If you think that AI and ML are new fields, think again! They have been applied for decades in different domains, from playing chess to natural language processing. However, we have recently seen a lot of use cases in biomedicine and translational research. This is mainly due to advances in hardware, which enables new software approaches (e.g., deep learning), and availability of large volume of biomedical data amenable for training machine learning models.

I have recently joined Open Targets after completing my PhD at King Abdullah University of Science and Technology (KAUST), and in this blog post, I will highlight my previous work using ML in drug safety assessment during preclinical stages.


Drug Toxicity
We can define toxicity is a measure of any undesirable or adverse effects of chemical compounds. Specific types of these adverse effects are called toxicity endpoints, such as carcinogenicity or genotoxicity, and can be quantitative (e.g., LD50: lethal dose to 50% of tested individuals) or qualitative, including binary (e.g., toxic or non‐toxic) or ordinal (e.g., low, moderate, or high toxicity) endpoints.

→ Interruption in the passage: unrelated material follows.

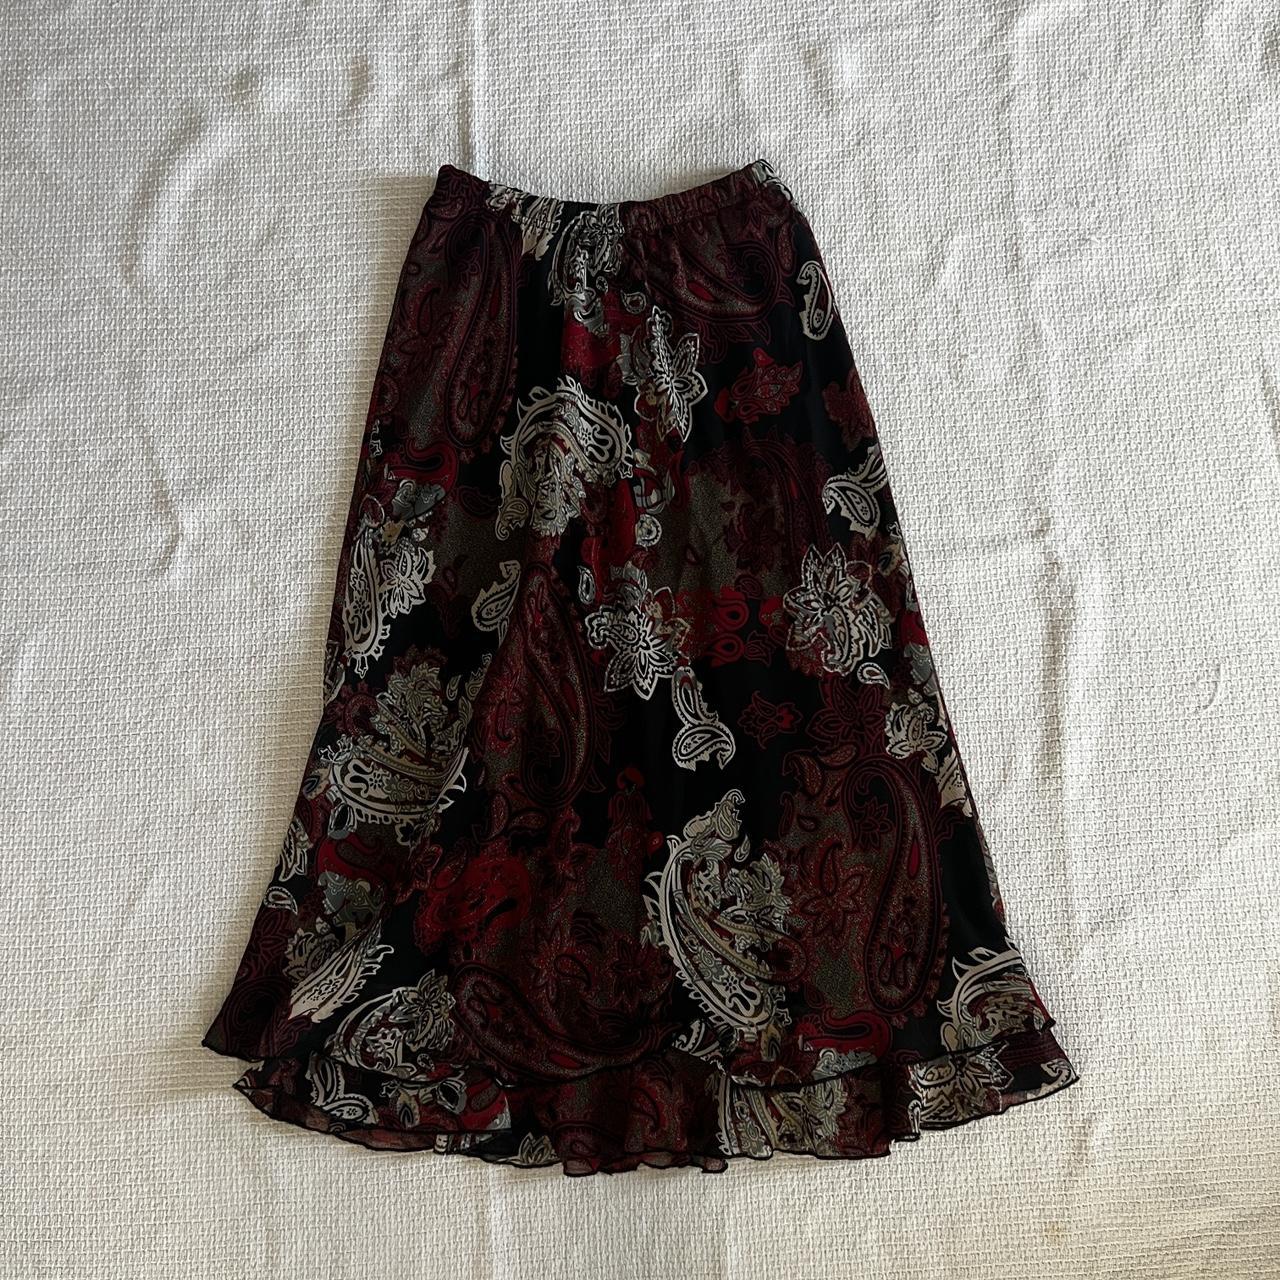 American Vintage Women's Black and Red Skirt

Toxicity testing is a crucial step in drug discovery. Unfortunately, toxicity testing does not come cheap when the global in vitro testing market expected to reach $8 billion by 2023. Can we strike the right balance between the importance and costs of drug toxicity? How can we reduce the costs of toxicity testing and at the same time provide more accurate predictions to tackle attrition in clinical trials? One way we can address these challenges is to apply computational methods which will

  • Improve toxicity prediction and safety assessment
  • Reduce the need for animal testing
  • Guide toxicity tests to prioritise chemicals for drug development


Predicting Drug Toxicity
Mathematical models have been applied for assessing compound toxicity since as early as 1935. Since then, we have seen a dramatic improvement of computational tools for gathering, modeling, simulating, and visualising toxicity data. We now have several methods to generate toxicity prediction models at our disposal.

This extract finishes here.